How do equal regular contributions to an investment grow over time, and what is the future value formula for an annuity?

Derive and use the future value formula for an annuity to find the accumulated value of a series of equal regular contributions

Q: 2022 HSC Q19 HSC: Maria deposits $\$200$ at the end of each month into an account paying $6\%$ per annum compounded monthly. Find the balance just after her 60th deposit.

Per-period rate: $r = \frac{0.06}{12} = 0.005$. Payment: $M = 200$. Number of payments: $n = 60$. The future value of an ordinary annuity is $A = M \cdot \frac{(1 + r)^n - 1}{r} = 200 \cdot \frac{(1.005)^{60} - 1}{0.005}$. $(1.005)^{60} \approx 1.34885$, so $(1.005)^{60} - 1 \approx 0.34885$. $A \approx 200 \cdot \frac{0.34885}{0.005} = 200 \cdot 69.770 \approx \$13954.01$. Markers reward the per-period rate, the right formula, an accurate compound factor, and a final answer to cents.

Q: 2021 HSC Q20 HSC: Jia wants to save $\$50000$ over $10$ years by depositing an equal amount at the end of each month into an account paying $4.8\%$ per annum compounded monthly. How much must each deposit be?
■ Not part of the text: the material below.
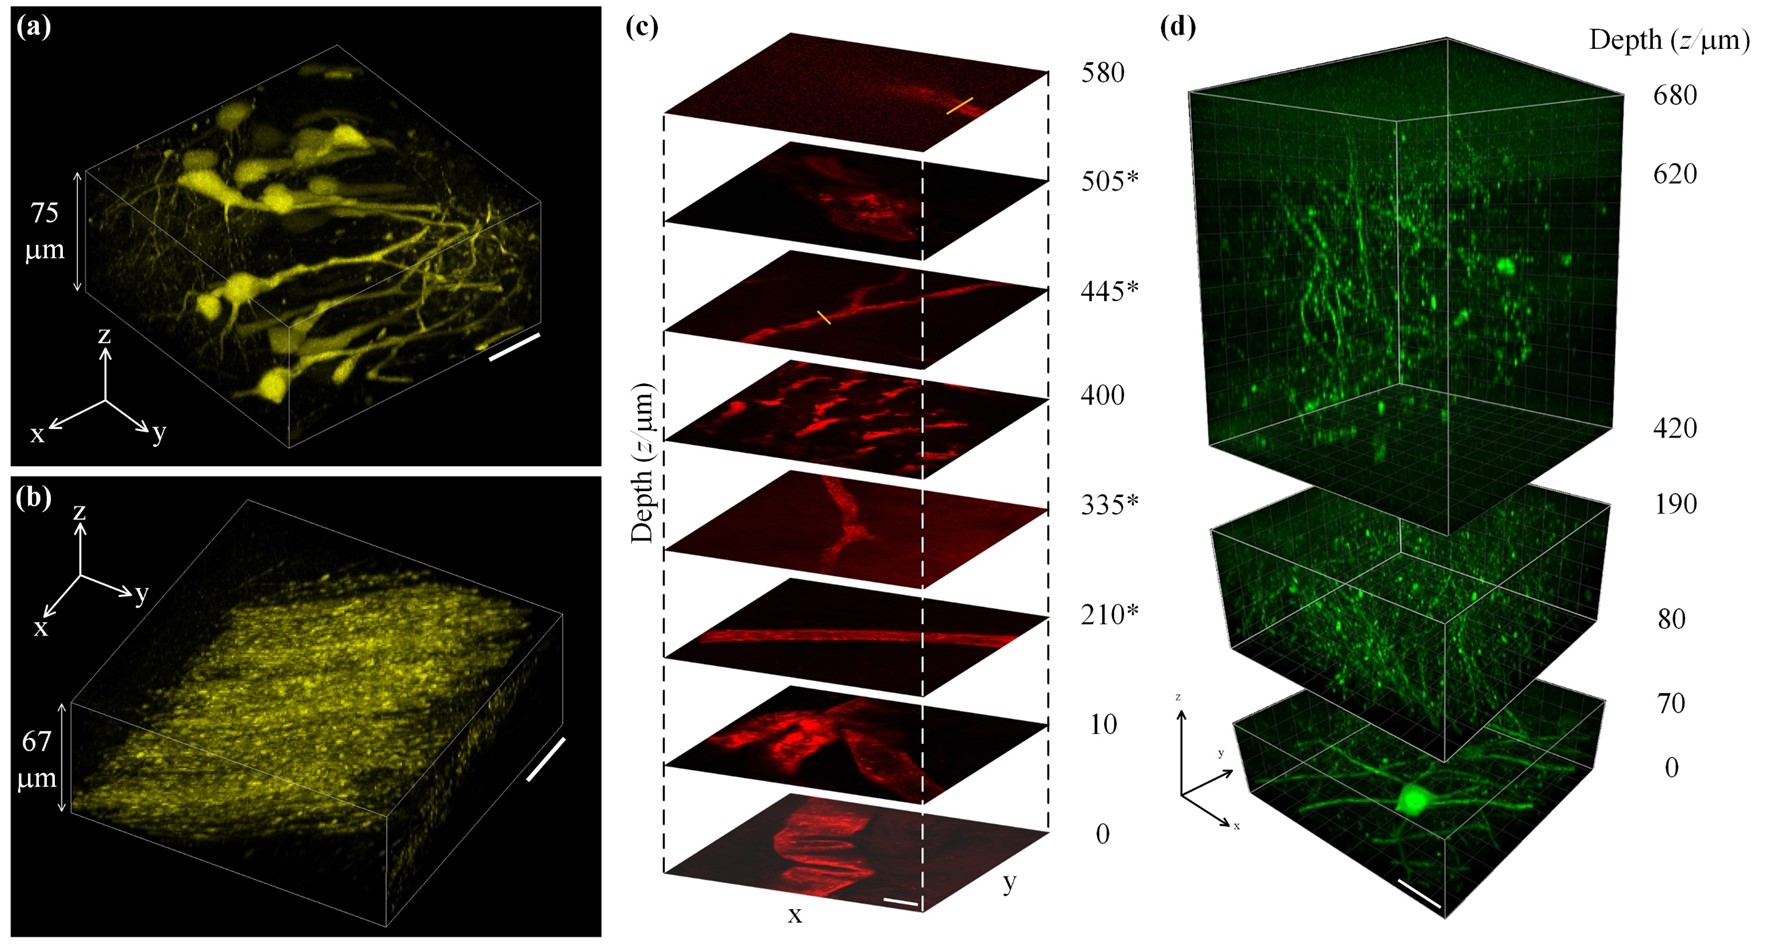 Two-photon imaging results, based on the novel 937-nm laser
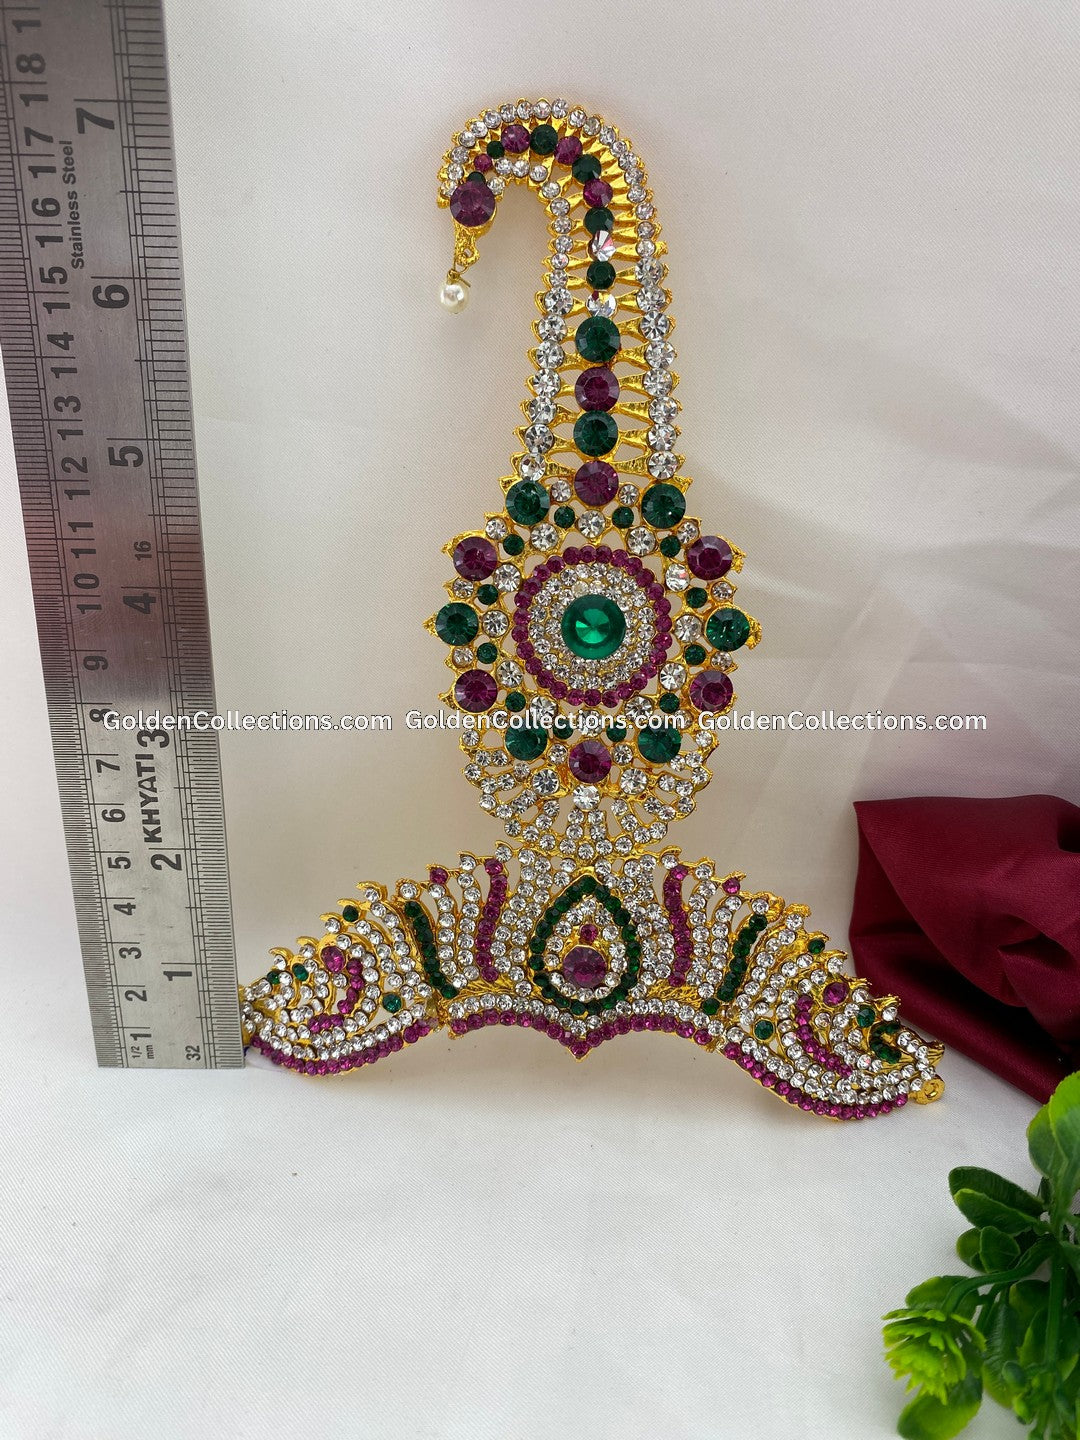 Royal Crown for Hindu Deity - GoldenCollections DGC-055 2

$r = \frac{0.048}{12} = 0.004$, $n = 120$, $A = 50000$. Rearrange the future-value formula for $M$: $M = \frac{A \cdot r}{(1 + r)^n - 1} = \frac{50000 \cdot 0.004}{(1.004)^{120} - 1}$. $(1.004)^{120} \approx 1.61605$, so the denominator is $0.61605$. $M = \frac{200}{0.61605} \approx \$324.65$. Markers expect the correct per-period rate, the rearrangement for $M$, an accurate compound factor, and a final answer to cents.

A focused answer to the HSC Maths Advanced dot point on the future value of an annuity. Derive the formula as a geometric series, apply it to regular savings, and solve for the required contribution or number of periods, with worked examples.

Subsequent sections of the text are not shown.